Plus de trente ans avant l’abolition de l’esclavage, en 1817, l’esclave Furcy a pris du galon. Il est l’intendant du sieur Joseph Lory. Intendant mais néanmoins esclave. Or, sa mère indienne d’origine a été affranchie en 1789 après un séjour en France. Il a un frère Cyril qui est mort en combattant aux côtés du fils de son maître contre les Anglais. Sa sœur Constance, née d’un homme libre, a été rachetée par son père. A la mort de sa mère, il reste esclave. A 31 ans, il tente de briser ses chaînes. Alors, il envoie un courrier au sieur Lory, lui réclamant sa liberté. Jamais encore un esclave n’avait assigné son maître en justice.

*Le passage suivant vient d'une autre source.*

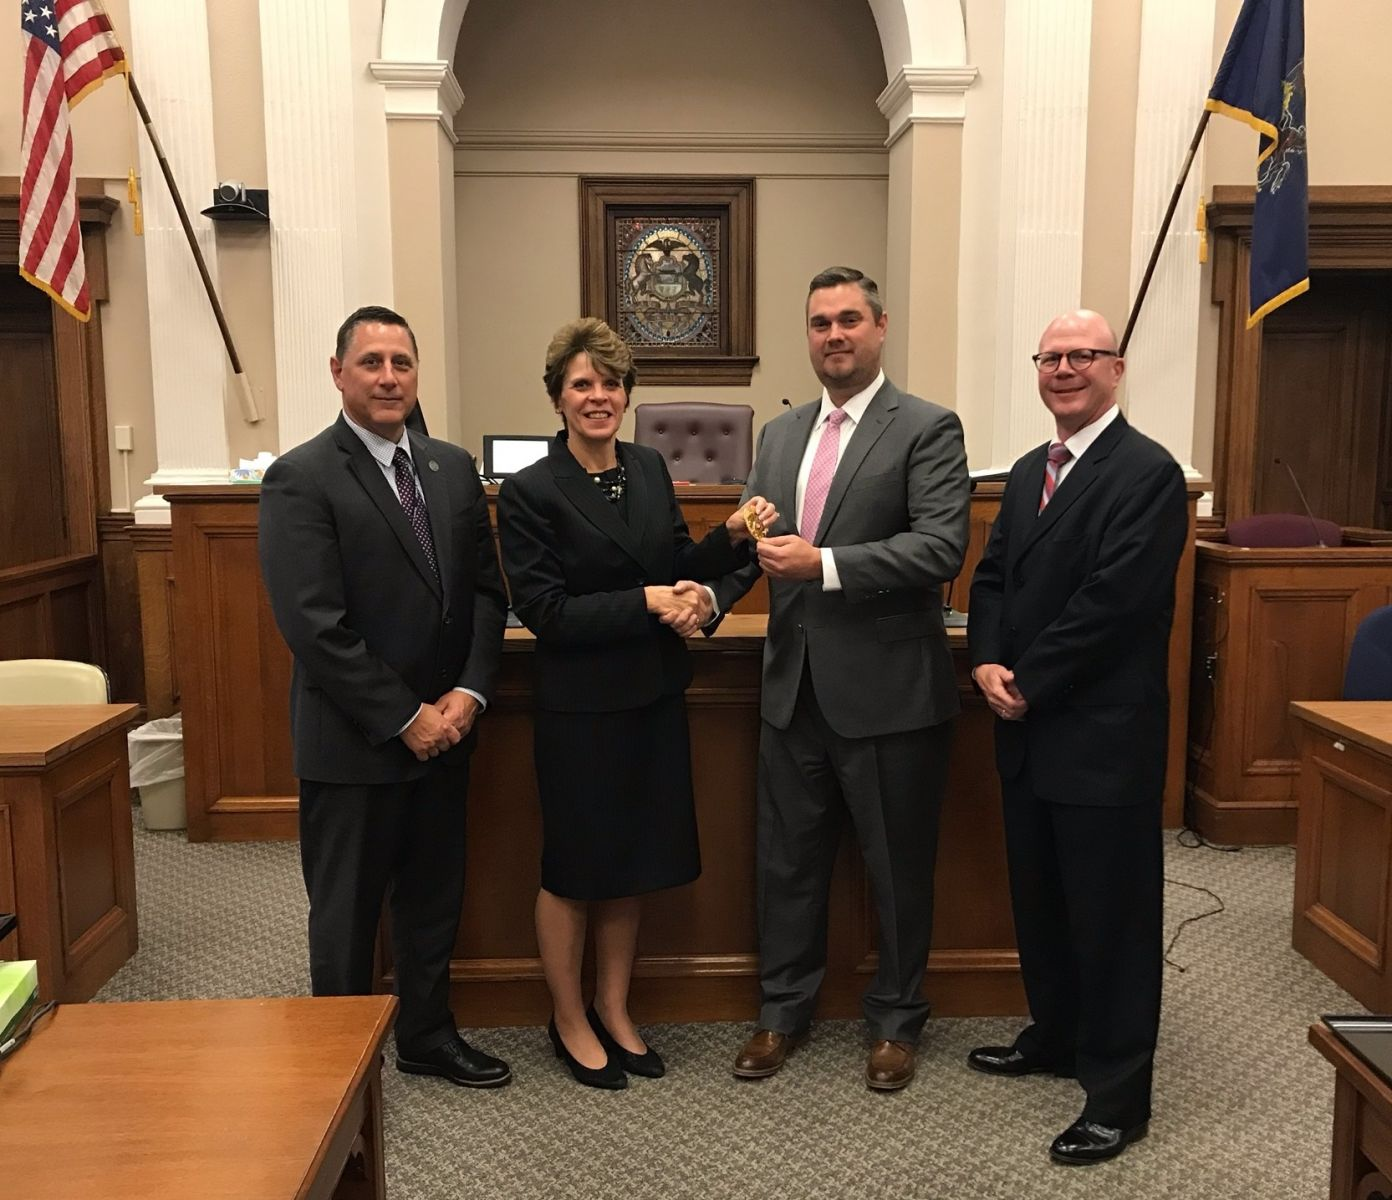 Above photo: (left to right)  Franklin County Court Administrator Mark Singer, President Judge Carol L. Van Horn, Chief Adult Probation Officer Douglas Wilburne, Judge Shawn D. Meyers

Du fait de ses origines, Furcy se considère comme un homme libre et souhaite quitter Monsieur Lory, qui, par confiance, l’a placé à la tête de sa maison. Un scandale pour l’époque ! Pourtant, le procureur général Louis Gilbert-Boucher défend le dossier jusqu’au bout contre tous. Il va même jusqu’à accorder sa protection à Furcy « parti maron ». L’esclave est malgré tout recherché, puis arrêté et détenu. Quant à la carrière de son dérangeant défenseur, elle en est sérieusement compromise. Il s'est attiré l'hostilité de Joseph Richemont Desbassyns, le commissaire ordonnateur général de l'Île Bourbon.
Dans la capitale, l’affaire fait grand bruit. En défendant les doctrines de Furcy, le révolutionnaire Boucher et son allié, Sully Brunet ont ouvert une brèche : la liberté de quelques 15 000 individus. Brunet, d’origine malgache, est attaché aux gens de couleur. Il est finalement suspendu et part vivre à St Benoît. Gilbert Boucher, lui, sous la pression, quitte la Réunion. Quant à Furcy, il n’obtint jamais sa Liberté. Le 23 décembre 1843, après 26 ans de procédure, la justice française déclare enfin que « Furcy est né en liberté.» Mais entre-temps, Furcy a été déclaré libre par les autorités anglaises de l'île Maurice, Joseph Lory ayant omis de le déclarer à son arrivée dans l’île sœur. Furcy assiste à Paris au procès en cassation, dont les débats sont largement couverts par la presse parisienne, en raison du caractère peu commun de l'affaire.
L’Ilet Furcy garde discrêment ce petit morceau d’histoire étudiée de près par Mohammed Aïssaoui, dans son ouvrage « L’histoire de l’esclave Furcy », prix Renaudot 2010 et prix RFO du livre la même année.
Une bonne raison d’aller y humer l’air de la liberté.